Heat exhaustion is caused by a depletion of water, salt, and other electrolytes in the body lost through sweat. In addition to flu-like symptoms, victims will experience excessive thirst, rapid heart rate, light-headedness, and moist, clammy skin.
If you notice yourself or others struggling with these symptoms, your first move should be to get out of the heat. From there, remove or loosen tight clothing and apply wet cloths. Drink water slowly, and rest while carefully monitoring conditions. If symptoms progress toward heat stroke, call 911.

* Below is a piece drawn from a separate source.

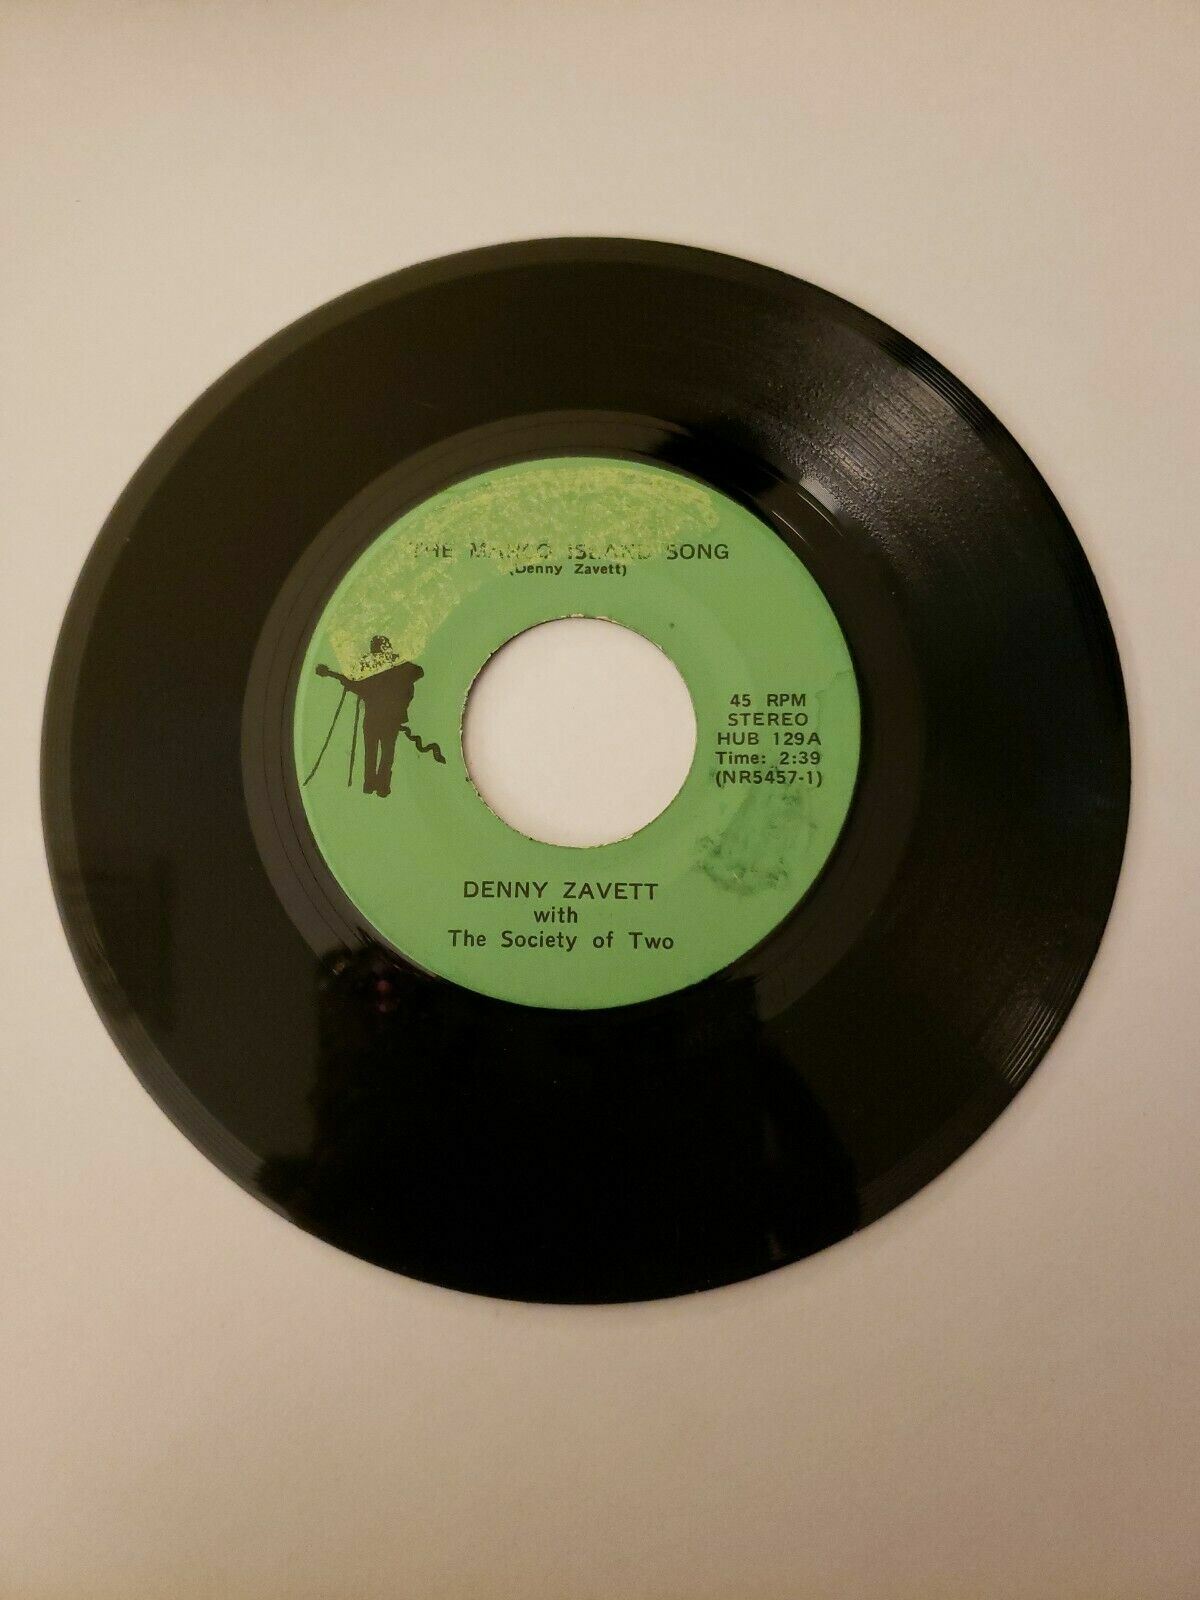 Denny Zavett - The Mango Island Song (45RPM 7” Single)(J418)

Anyone experiencing heat exhaustion should immediately be evaluated for heatstroke, which can be a life-threatening medical condition.
Those suffering from heatstroke typically will lose the ability to sweat, causing body temperatures of 104 degrees Fahrenheit or higher. Your pulse will elevate and skin will become flushed and hot. Hyperventilation, nausea, and vomiting are also common.
Call 911 immediately in the event of heatstroke. While waiting for the emergency vehicle, move to a cool location, apply wet sheets or towels, and fan with air. If you see changes in level of consciousness or vomiting, don't attempt to drink water.
Beat the heat
While you can't eliminate the threat of heat-related health complications, the following tips can help reduce the risks:
- Drink water frequently during shifts
- Avoid caffeine
- Wear loose-fitting, heat-protective clothing
- Take breaks in a temperature-controlled area
For more information on how you can stay safe in the heat, visit Prevention ConnectionSM, our online safety resource.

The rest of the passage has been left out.